В баню взял сумку с собой, не оставлять же в машине, ненадежно как-то. Стал раздеваться, сунул деньги под лавку. Время пролетело незаметно. Никитос и угостить, и развлечь умеет. А под конец всё Иркин звонок испортил. Она, видите ли, устала ждать меня с работы. Шлея ей под хвост попала. Пришлось живенько сворачиваться и гнать домой в Питер. И только дома хватился борсетки. Решил, что до утра никуда не денется, полежит в баньке, как в банке, — каламбур так понравился, что успокоил. Я же про неё никому не говорил.

Утром приезжаю со своими орлами — ни Никиты, ни бани, ни моих денег. А где его хата — даже не представляю. Я всегда прямо к бане приезжал. И на мобилу не отвечает. Я прямо озверел.

Ну, думаю, я ему фиксы выставлю, то есть все зубы повышибаю. Он от меня никуда не денется. Только я собрался подключать своих людей, как вижу, идёт Никита и с ним еще два каких-то фраера. Видать, бухнуть собрались на мои бабки.

Мои ребятки Никитоса подмяли и пару раз вдарили ему по батареям, я их предупредил, чтоб не сильно калечили. Один чудик попытался вмешаться, но его быстро положили поперёк дорожки. А третий полудурок сел в сторонку и сидит, в одну точку смотрит. Вижу, они не при делах. А тут который сидел в сторонке заговорил:

— А её волнами отнесло… — так словно в сторону сказал. Я и не воткнул сначала, кого отнесло. А потом посмотрел на берег и понял, что баня уплыла. Взбодрил я своих ребят, и мы погнали берега осматривать. Через некоторое время нашли мы это чудо-строение на отмели недалеко от берега. Вернулись к Никитосу, он уже поляну накрыл. У него, действительно, только поляна и осталась — баня уплыла. Вызвал я катер, чтобы баню буксировать. Пока катер подошёл, пока приплыли, наступил прилив, и мыльню эту опять сняло с отмели и прибило к берегу. Захожу. В бане всё на месте, только нет моей борсетки с деньгами.

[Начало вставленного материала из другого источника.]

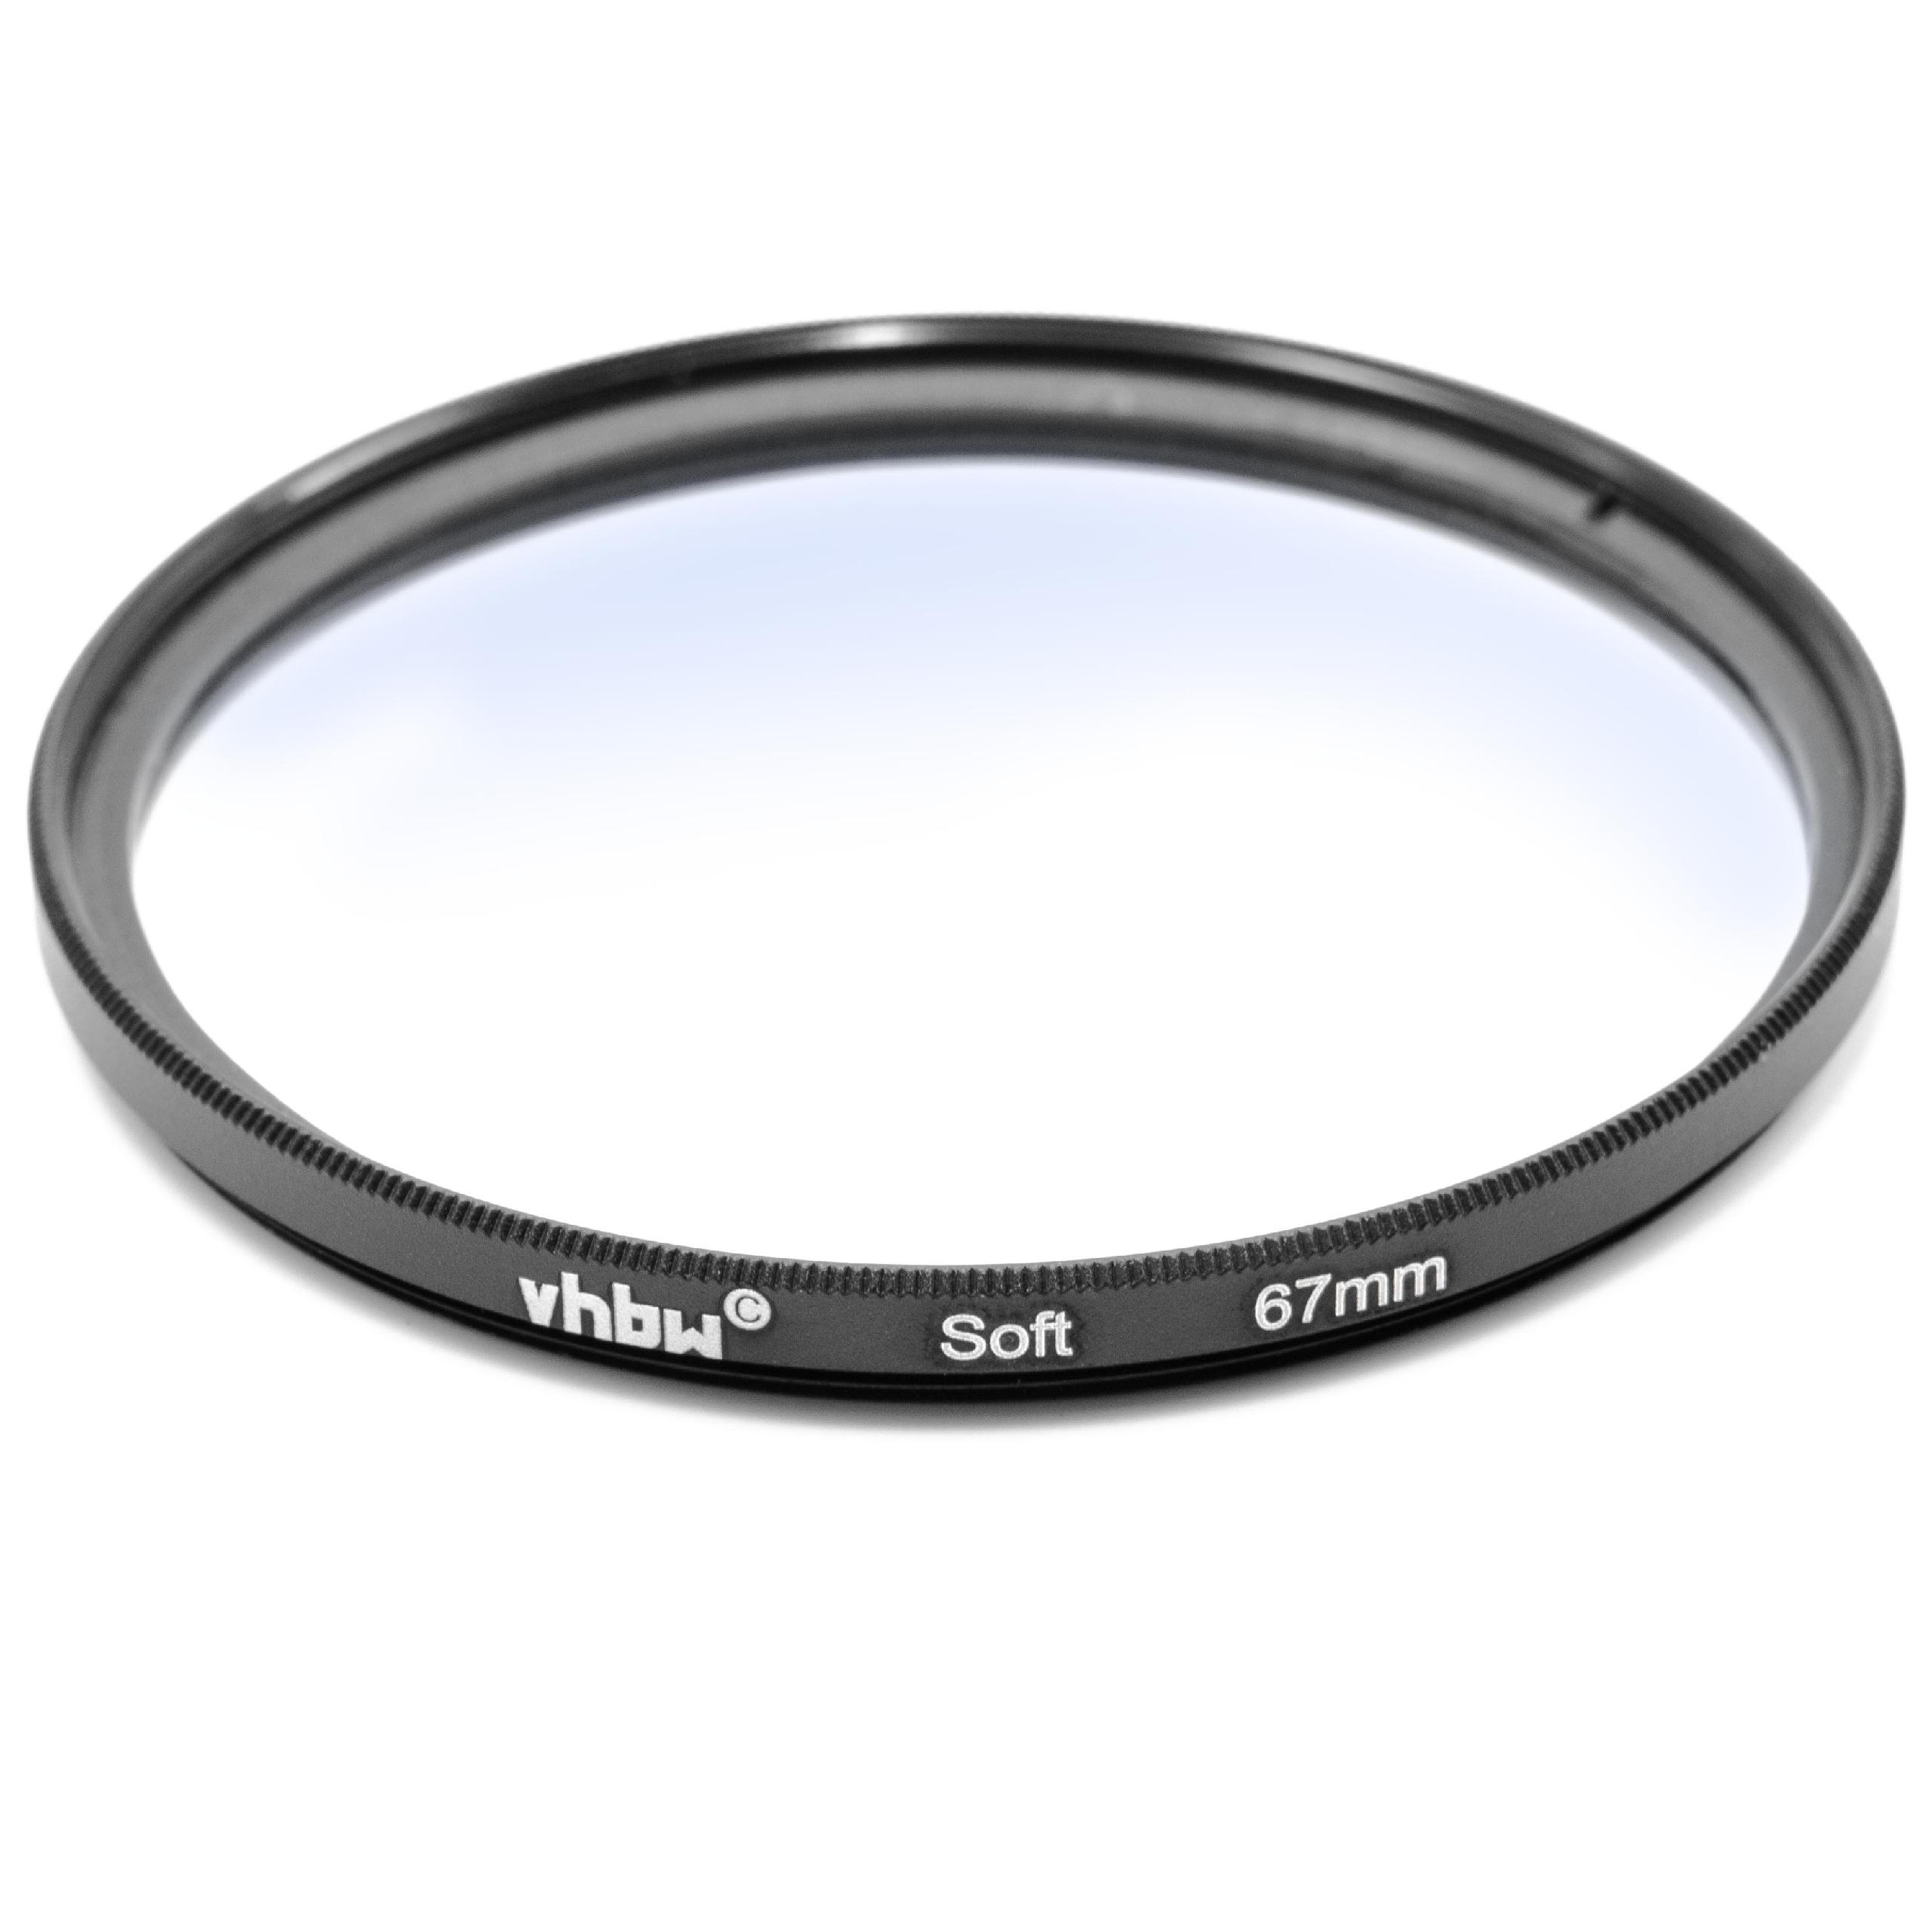 Filtr dyfuzyjny 67mm na obiektyw do różnych aparatów - filtr soft focus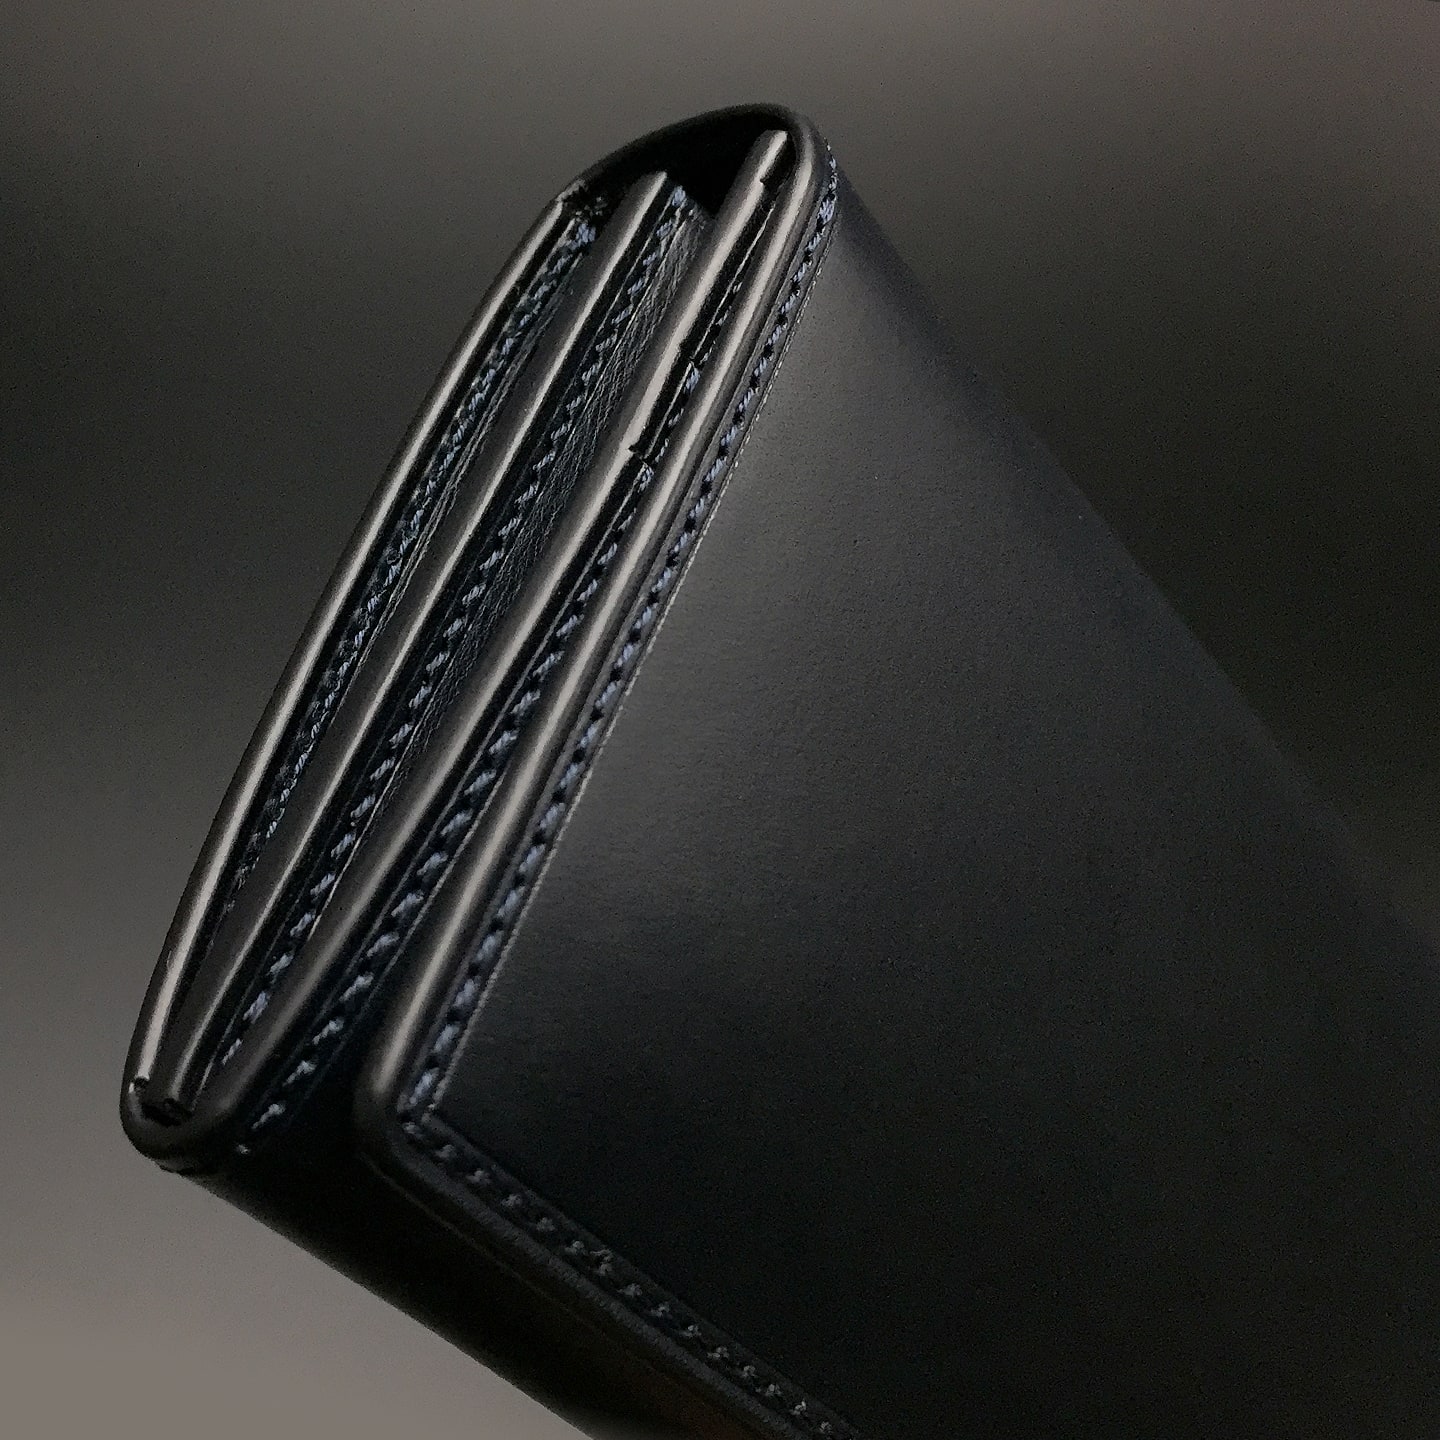 ブッテーロ 長財布 | 大人の財布・ 長財布 など拘りの日本製ブランド

Владимир Владимирович Карабасов — депутат одного из муниципальных районов Ленинградской области, человек волевой, чрезмерно уверенный в себе. Говорит покровительственно, с нажимом и чуть громче других. Речь пропитана криминальным жаргоном и приблатнёнными интонациями. Особый колорит придают канцеляризмы и штампы делового стиля.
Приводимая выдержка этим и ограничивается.